Сергеев Леонид Анатольевич - Вперед, безумцы! стр 12.

Шрифт
Фон

Он жил с установкой на веселье, шагал по жизни размашисто, словно бульдозер сметая на пути всякие преграды-неприятности, но бульдозер, украшенный цветам - все-таки, повторяю, Лешка в душе был художником.

Лешка имел четкую привязанность к работам в манере импрессионистов ("импрессионизм моя церковь", - изрекал он), остальное рассматривал, как "ручейки", но поддерживал искания художников, надеялся, что "ручейки" превратятся в полноводные реки. Только при виде модернизма Лешка скисал.

- …До смерти муторно от нервных абстрактных картин, неприятно глазу, я в легком нокдауне, - бормотал с ослабленным духом. - Это себя изживет. Модернизм разрушительное, местами мертвое искусство. Это яснее ясного. Модернисты уподобляются водителю, который несется на предельной скорости, не соблюдая правил.

Лешка с легкостью ворочал серьезными понятиями. Отдельные художники молитвенно внимали его словам, рассматривали их как христианские заветы; некоторые усмехались и деликатно отмалчивались, кое-кто видел в Лешкиных выступлениях надругательство над живописью, но одно бесспорно - каждую картину он искренне переживал, близко принимал к сердцу, и наверняка, оно, его сердце, было все в шрамах.

В Лешке не затухала отчаянная страсть - всех знакомить, причем случалось, знакомил по пять раз. Он был полон "любви к ближним"; эта любовь простиралась далеко за пределы Долгопрудного и охватывала все станции по Савеловской ветке. Лешка познакомил меня с полуслепым художником Владимиром Яковлевым, который писал расплывчатые бледные цветы, осенние туманы и, в отличие от Лешки, шел по жизни робко, выжидательно, как бы нащупывая точки опоры.

- Не надо громить и перестраивать мир, - миролюбиво говорил Яковлев. - Попытаемся в него максимально вжиться, - и проникновенно добавлял: - Из множества мелких наблюдений создадим гармоничную картину.

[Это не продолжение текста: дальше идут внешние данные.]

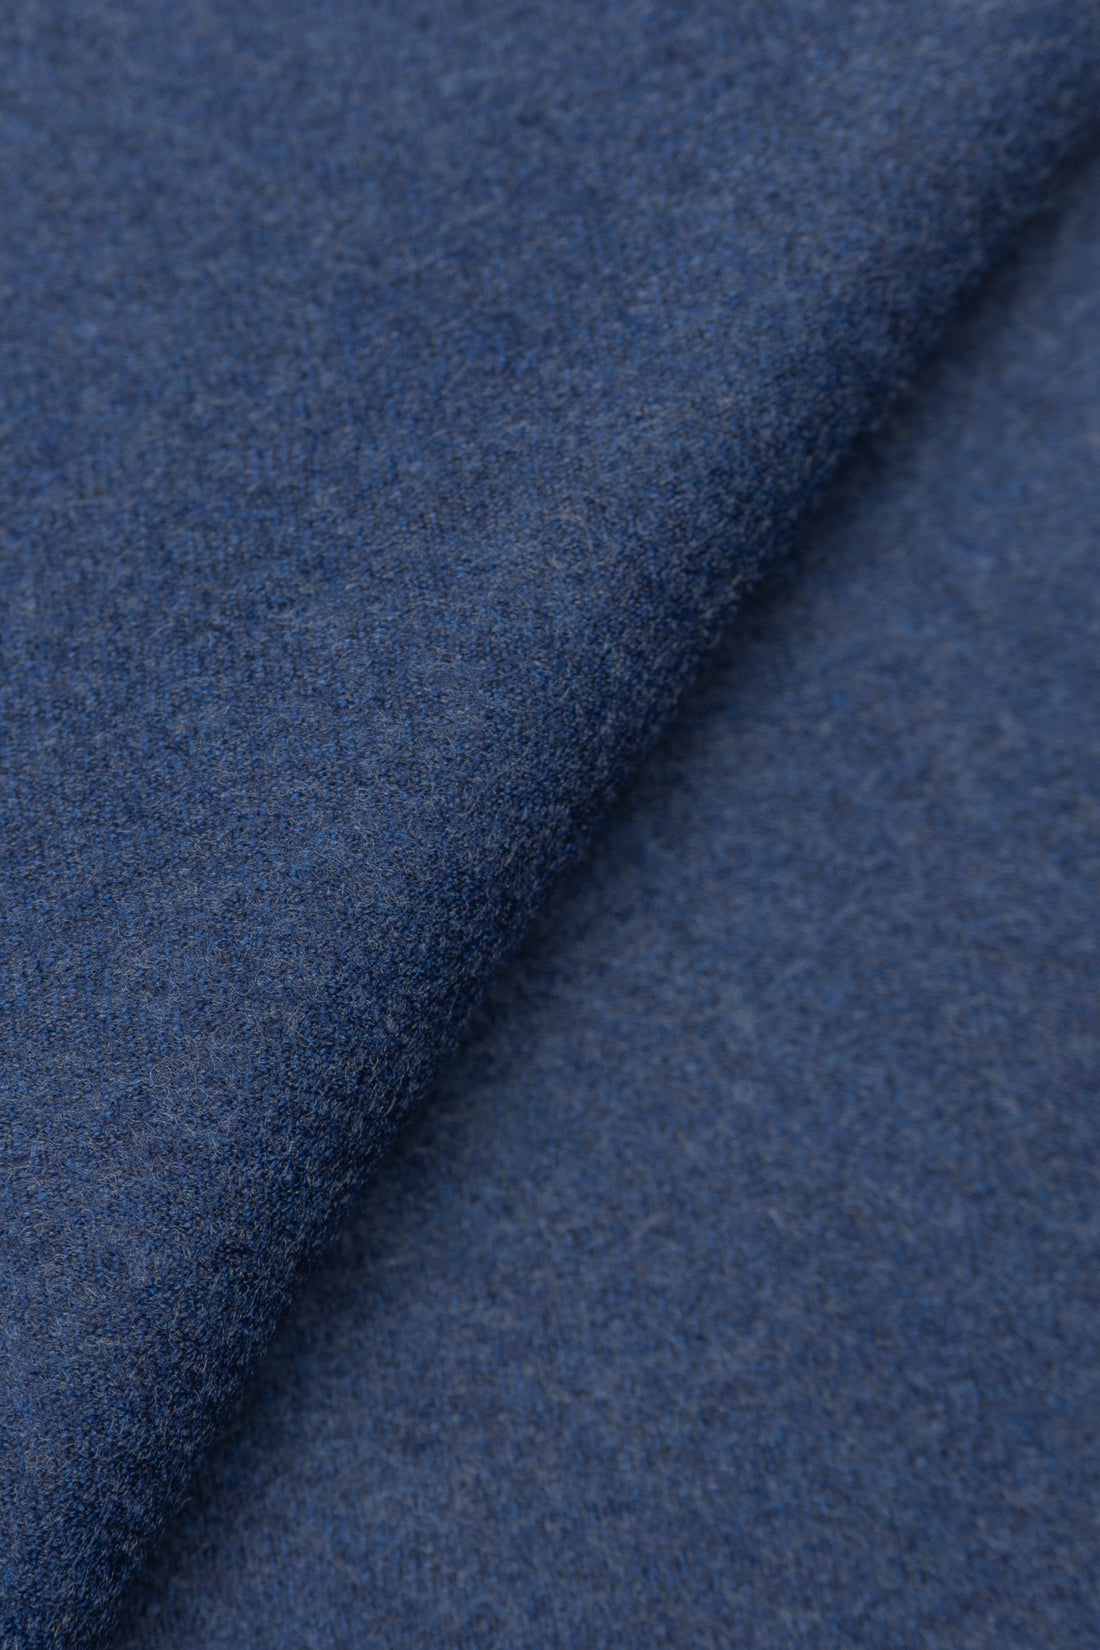 Blue Lightweight Flannel 150s Trousers

Вокруг Лешки носились воздушные вихри, вокруг Яковлева воздух был спокойным, умиротворяющим.

В пивном баре у Савеловского вокзала Лешка познакомил меня с Андреем Бабиченко и Александром Васильевым, которые на "Мультфильме" рисовали научные ленты и в соавторстве успешно сочиняли "разные литературные переживания", по выражению Лешки. Бабиченко рано потерял родителей и "вел нищенское существование" (по словам Лешки) и имел одну единственную голубую рубашку (цвет мечты!), а Васильев жил в обеспеченной семье, но, чтобы не ставить друга в неловкое положение, всячески маскировался под бедняка: одевался в драное, в своей комнате разбрасывал бутылки, окурки - "устраивал неразбериху, декоративный хаос, мусорную эстетику".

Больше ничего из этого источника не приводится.